Thursday, 27 February 2020

Book Review -- Bringing Alive the Mughal Era

Indian history as taught to us in text books is often a dry account of names, incidents and dates. Information provided at historical sites or monuments rarely offer insights into the era when they were built and the people who left their legacy behind. Even the history buff would find it difficult to make the connections between the glorious past that the placards talk about and the stark, near ruinous conditions of the monuments. While Western museums often have well-researched audio visual presentations for the lay visitor to be able to make this connect, unfortunately this facility is not available at Indian monuments.

This gap in presenting history in an interesting and imaginative way is sought to be bridged by Debasish Das in his book Red Fort: Remembering the Magnificent Mughals.

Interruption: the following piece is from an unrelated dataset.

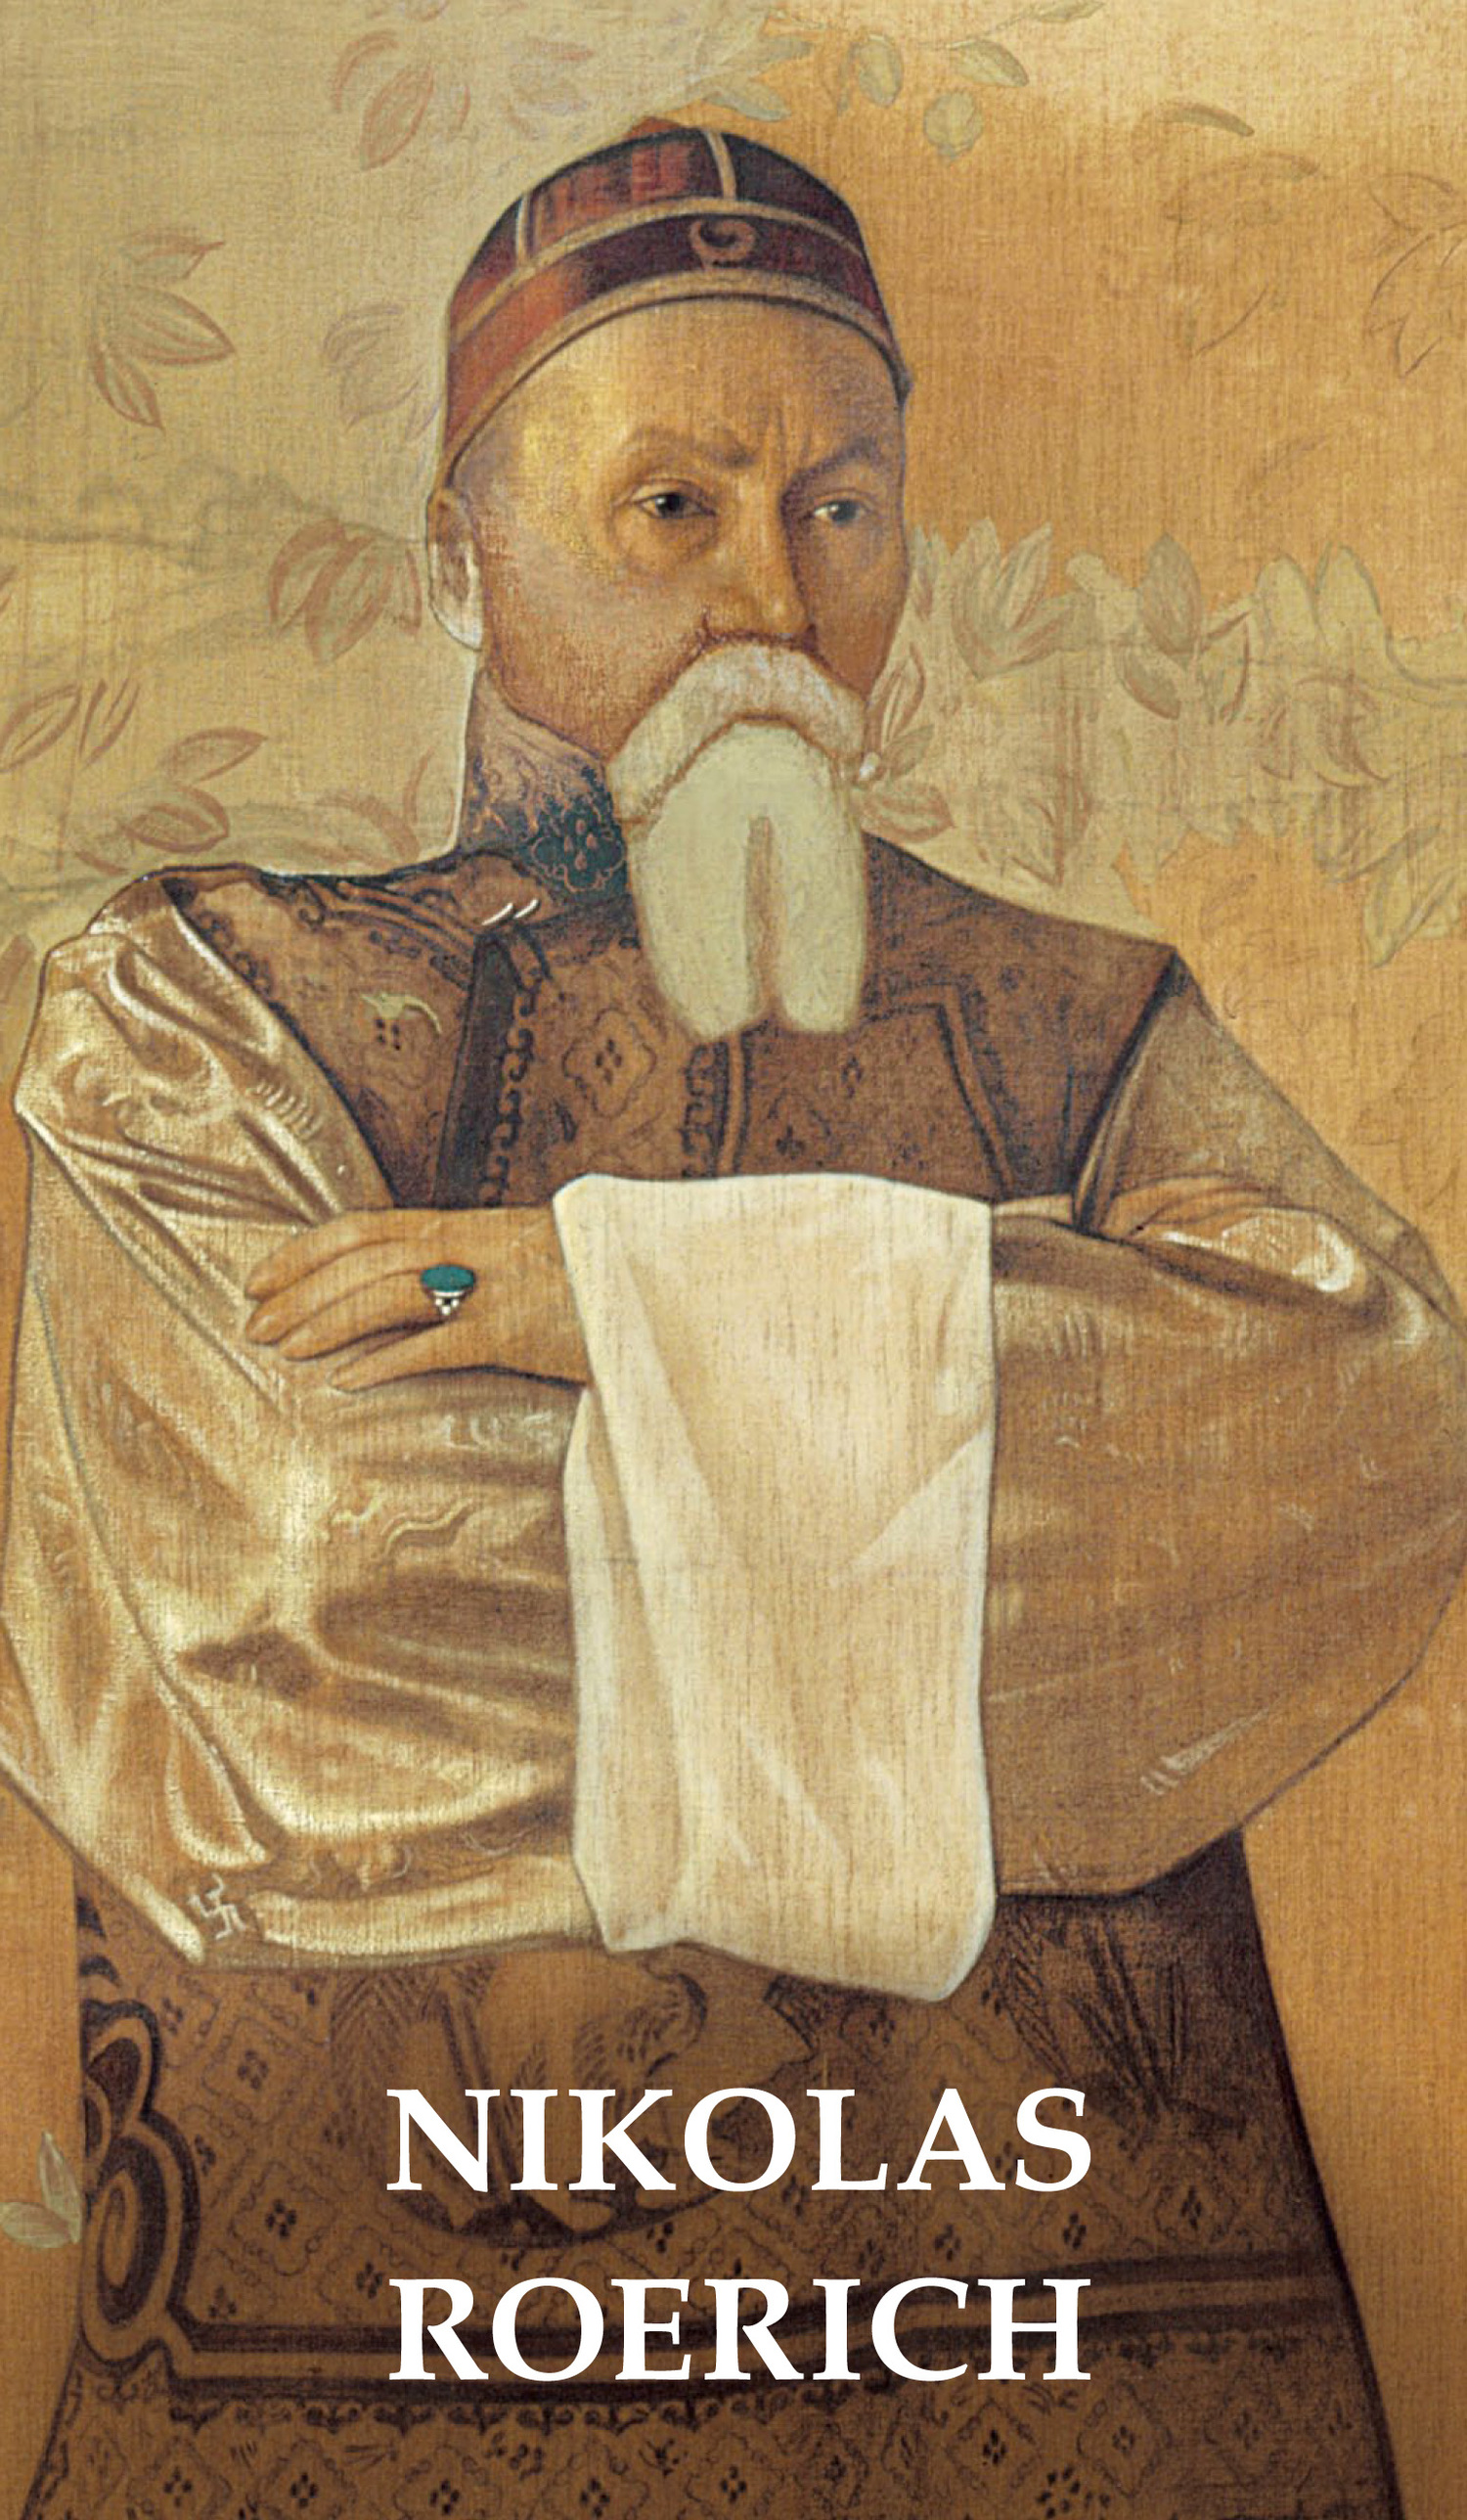 Т. О. Книжник Nikolas Roerich сапоги quelle der spur 1013540

The author takes you on a guided tour of the Red Fort and the era in which it was built. The book is extensively researched and the facts presented in a structured format. The little stories and vivid descriptions add colour and bring alive an era that has passed. The reader is virtually taken on a drive through the alleys and streets of Shahajahanabad, its bazaars and mandis, the ramparts of the fort, the magnificent hallways and the customs of Mughal noblemen. Take for example this description of the Chandni Chauk where the reader gets a glimpse of the pomp and splendour of the amirs: "In the evenings, it transformed into a place for splenderous, ostentatious displays by the amirs and their families. Ceremonial marriage processions were led through it and turned the streets into a glittering exhibition...Trains of camels and elephants were accompanied by mace bearers carrying gold or silver sticks and men waving huge fans of peacock feathers. Servants ran ahead of them, shouting and announcing their revered titles. It was a place of great show."

It also provides insights into the lives of ordinary people. "Only those artisans who were associated with the Palace or with wealthy amirs could flourish and prosper. Others -- however admirable their work -- were subjected to harsh treatment and were poorly paid...the artists had good reason to congratulate themselves if the amir's whip (korrah) was not employed on them as part payment for their superlative work."

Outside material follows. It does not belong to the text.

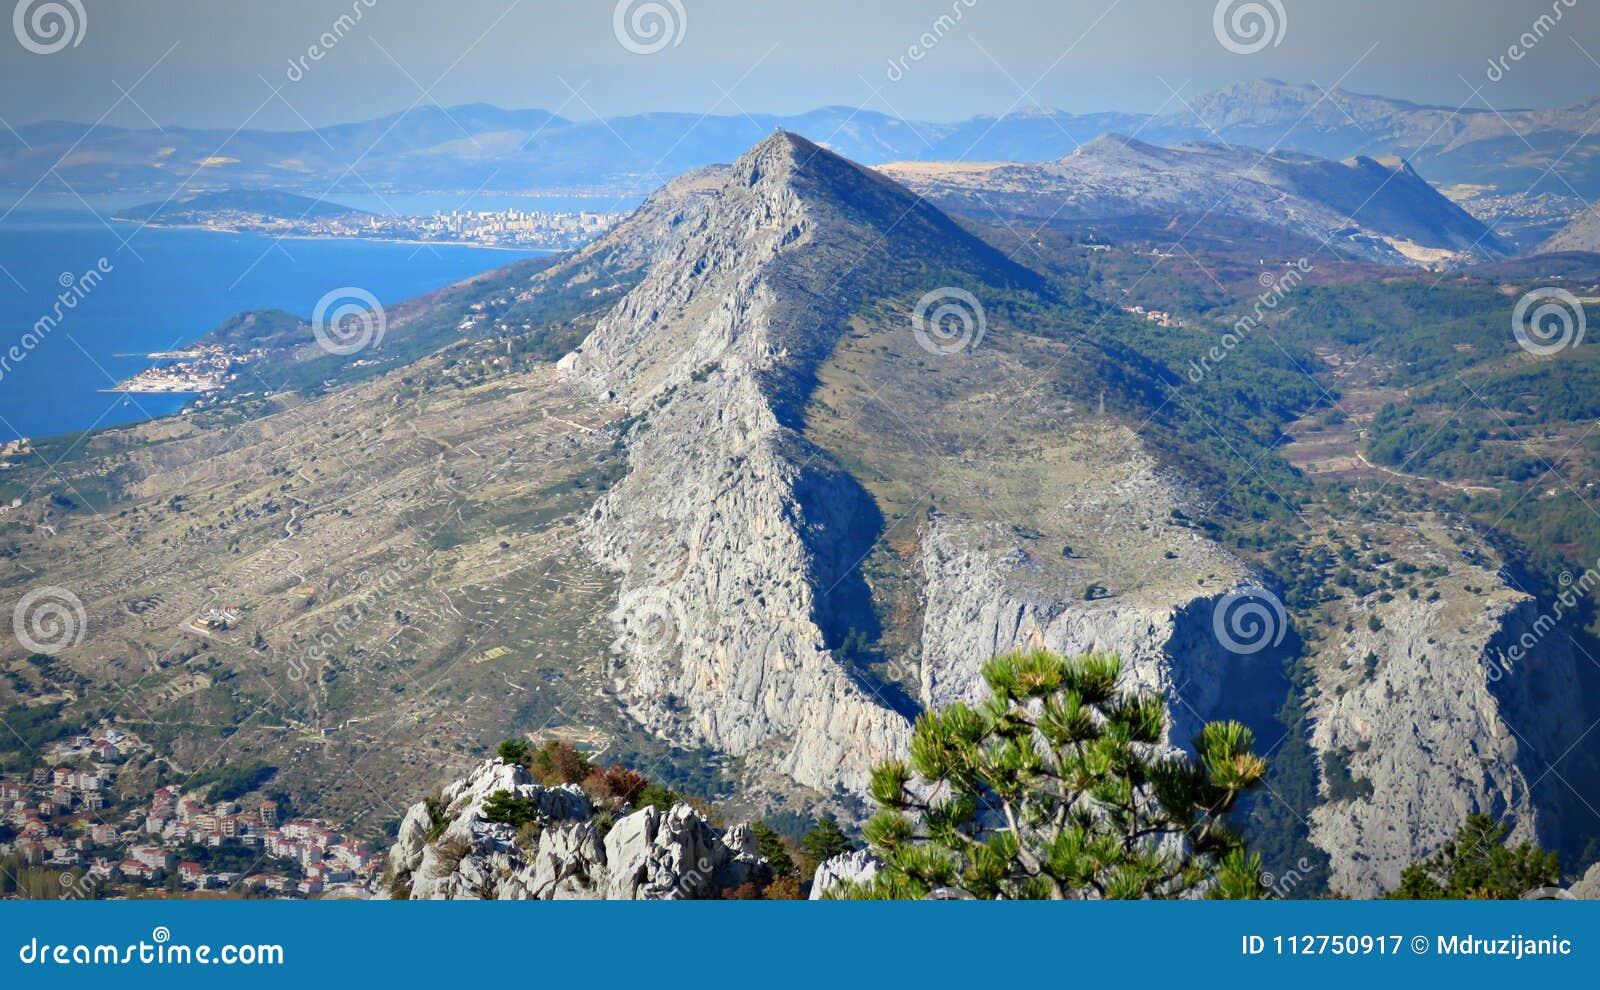 On top of the town Omiš, Croatia

Studded with little anecdotes and details, the book explores the various aspects of Mughal life, within and beyond the Red Fort, creating a complete picture of  life in Shahajanabad (which is now a part of modern Delhi). It also helps the reader understand what went into the making of the "magnificent Mughals" and also get insights into the reasons for their downfall.

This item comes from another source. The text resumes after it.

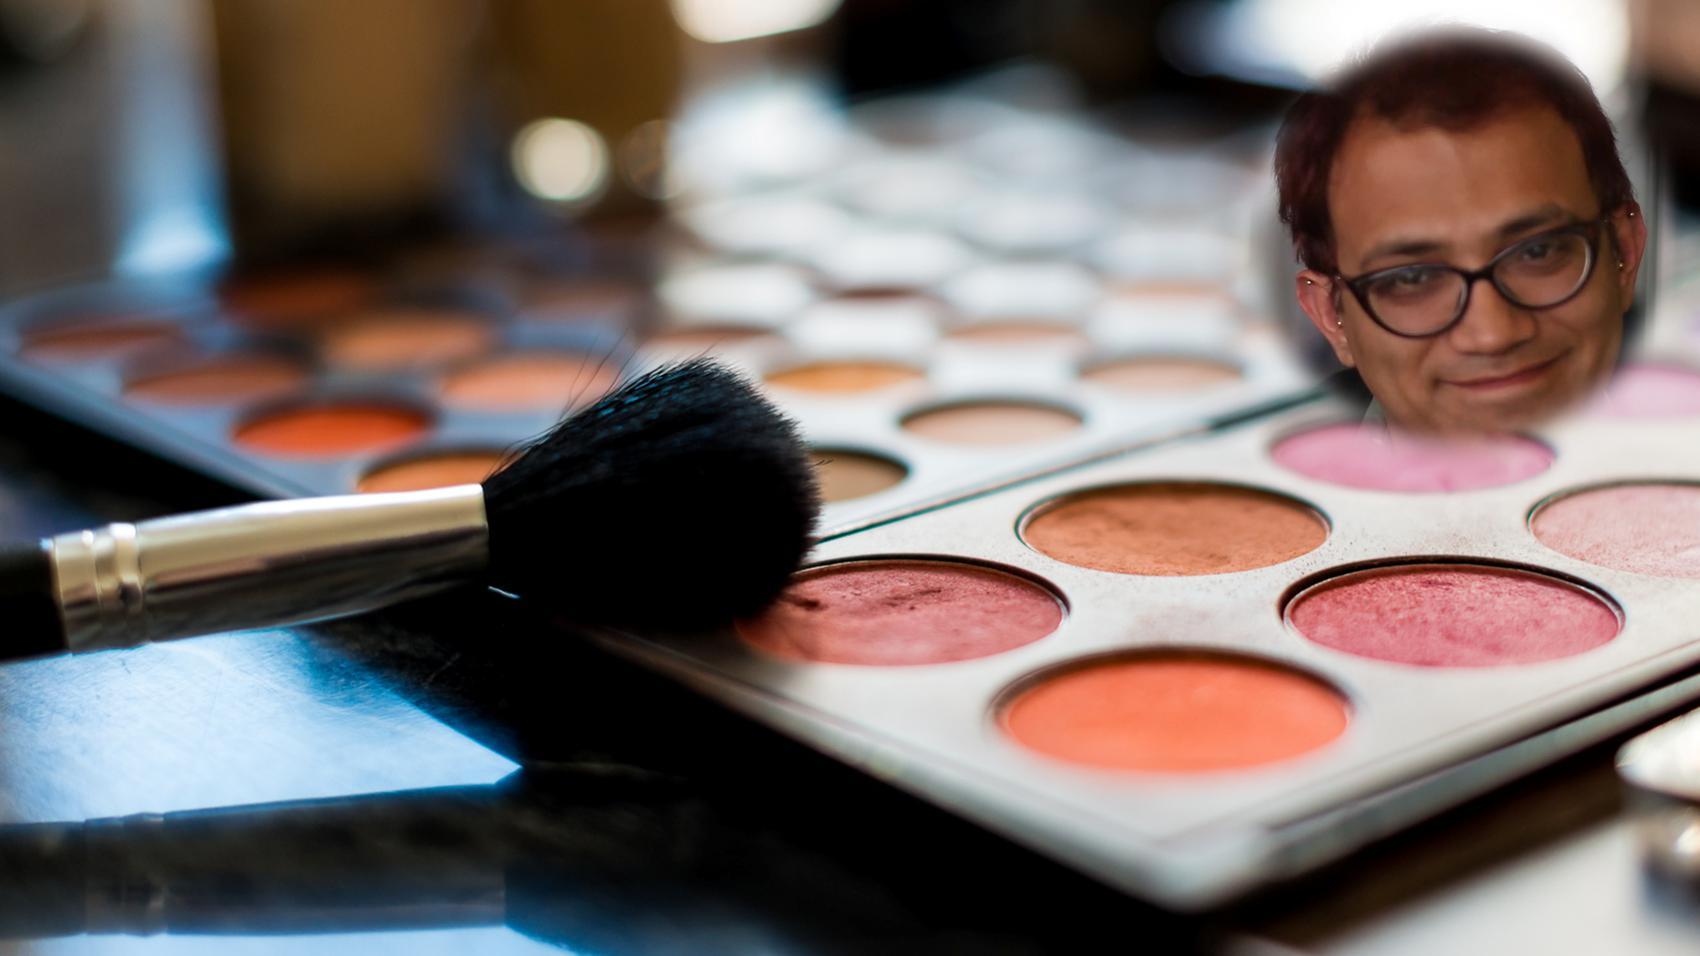 Career in Makeup Artistry

For anyone who has visited the Red Fort and for every citizen of Delhi, this book is a must-read. It provides insightful glimpses into the past and the legacy that continues to echo in the present.


About the Book:RED FORT: REMEMBERING THE MAGNIFICENT MUGHALS seeks to present the lived culture of Mughals in all its multiple facets. The book is divided in four parts. In Part 1 the focus is on the Imperial court and the court etiquette, cultivation of Persian and its enrichment with translations from Sanskrit, patronage of Hindu and Jain scholars. Part 2 contains detailed accounts of the Red Fort and the symbolism of its architecture, the philosophy of jharokha darshan, ceremonies, games and pastimes, the material culture of costumes and jewellery, food, drink and perfumery. The remaining two parts deal with the decline and fall of the Mughal rule and the British Colonial Durbars at the Red Fort. The broadly historical narrative is enlivened by various anecdotes.

About the Author:DEBASISH DAS is a telecom professional; he is a history aficionado and loves to photograph and document ancient ruins. He lives in Gurgaon and spends his weekends in exploring little known monuments in Delhi and its neighbourhood. Since the last few years, he has been writing heritage blogs (www.lighteddream.wordpress.com) on Delhi’s monuments; encouraged by their reception, he has now ventured into a full-length book about the most magnificent of all the Delhi monuments, the Red Fort.